Three Sets plus stable **`id` on each message** allow `turnDelta()` /
`responseDelta()` without losing custom tool messages, and checkpointed runs
restore history vs turn data correctly after resume.

### `responseDelta()` vs `turnDelta()`

User input must not appear in `GenerateResult.messages`; memory persistence
must store the full turn including input — hence two views over the same list.

### Concurrency preserves suspension semantics

Batches run in parallel when configured, but the first suspension still
captures **unexecuted** tool calls in `pending` so nothing is dropped. Approval
tools and programmatic suspends use the same pending-map format.

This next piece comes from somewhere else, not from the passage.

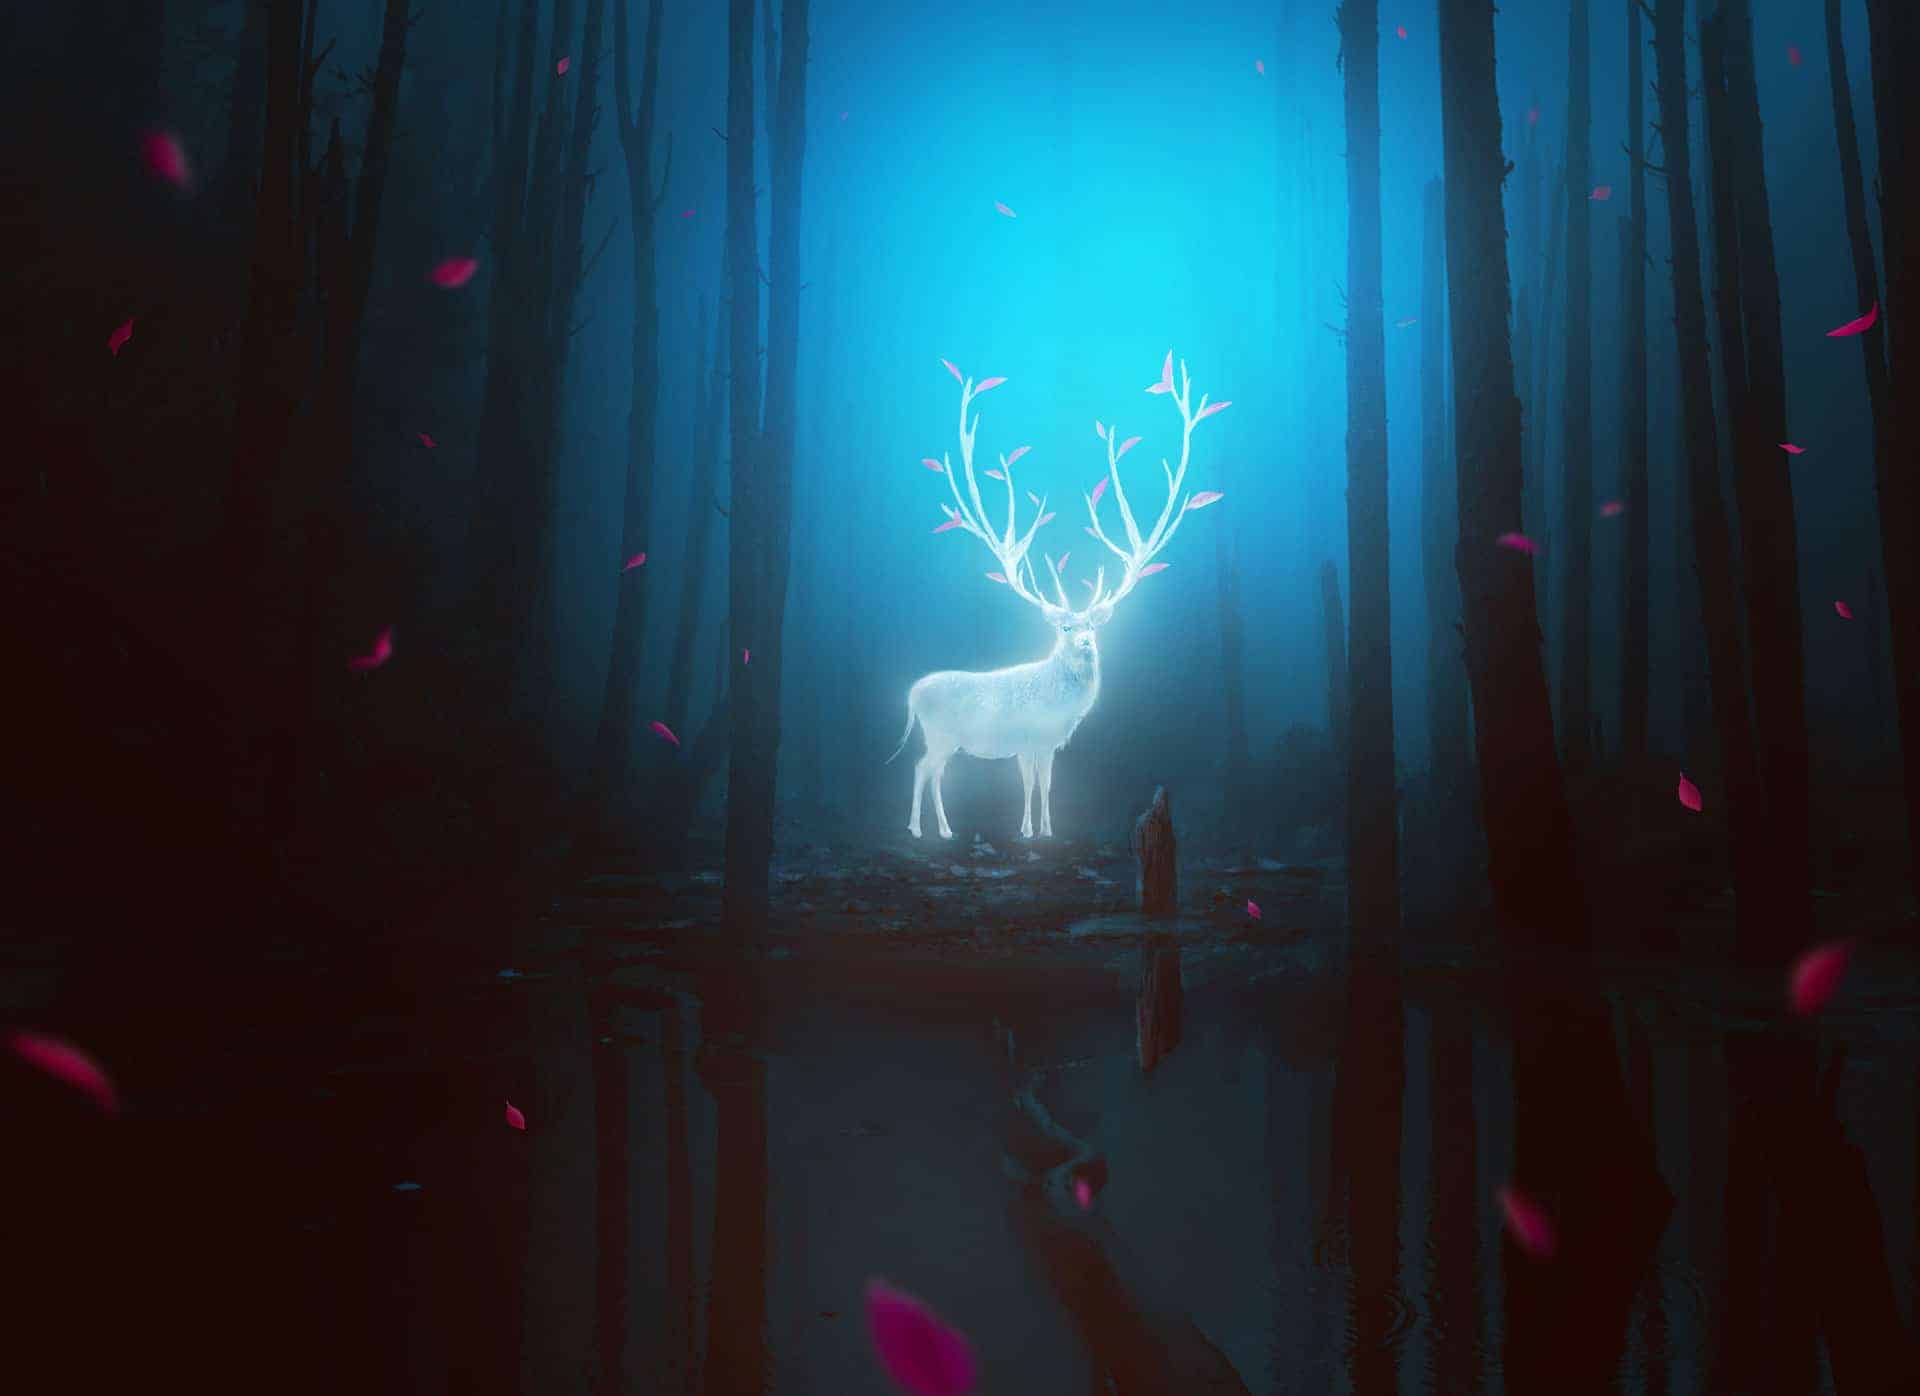 How to Create a Fantasy Deer Photo Manipulation With Adobe Photoshop

### Why one event bus per agent

The bus is shared between `Agent` and `AgentRuntime` so `on()` registrations and
`abort()` always target the controller used by the active loop.

### Why `AbortSignal`

Signals cancel HTTP immediately in the AI SDK and compose with caller-provided
`abortSignal` via `resetAbort`.

### Monotonic `createdAt` for persisted order

**Problem.** Live messages often used `Date.now()` (or no timestamp). Several
messages added in the same millisecond (multi-part input, batched tool results,
fast loops) produced **identical `createdAt` values**. SQL stores mitigate ties
with a `seq` column, but ordering was still ambiguous for consumers that sort
only by time, and **in-memory `BuiltMemory`** (`InMemoryMemory`) keyed ordering
off the stored timestamp. Duplicate timestamps made **pagination windows** (`before`,
`limit`) and reload order **non-deterministic** relative to insertion order —
message history could appear to **shuffle** between turns or after resume.

**Approach.** `AgentMessageList` tracks `lastCreatedAt` and assigns each **live**
message (`input` / `response`) a `createdAt` of
`max(hint, lastCreatedAt + 1)`, where `hint` is any existing timestamp or
`Date.now()`. **`history` messages** keep the database timestamp exactly;
`lastCreatedAt` advances to `max` so new live rows stay strictly later (handles
clock skew and prior monotonic runs). **`deserialize()`** recomputes
`lastCreatedAt` from all restored rows so suspend/resume continues the sequence.

**Downstream.** `saveMessages` / Postgres / SQLite persist the message-owned
`createdAt`, and in-memory storage uses that same value for filtering so
`getMessages` stays aligned with `AgentMessageList`’s ordering guarantees.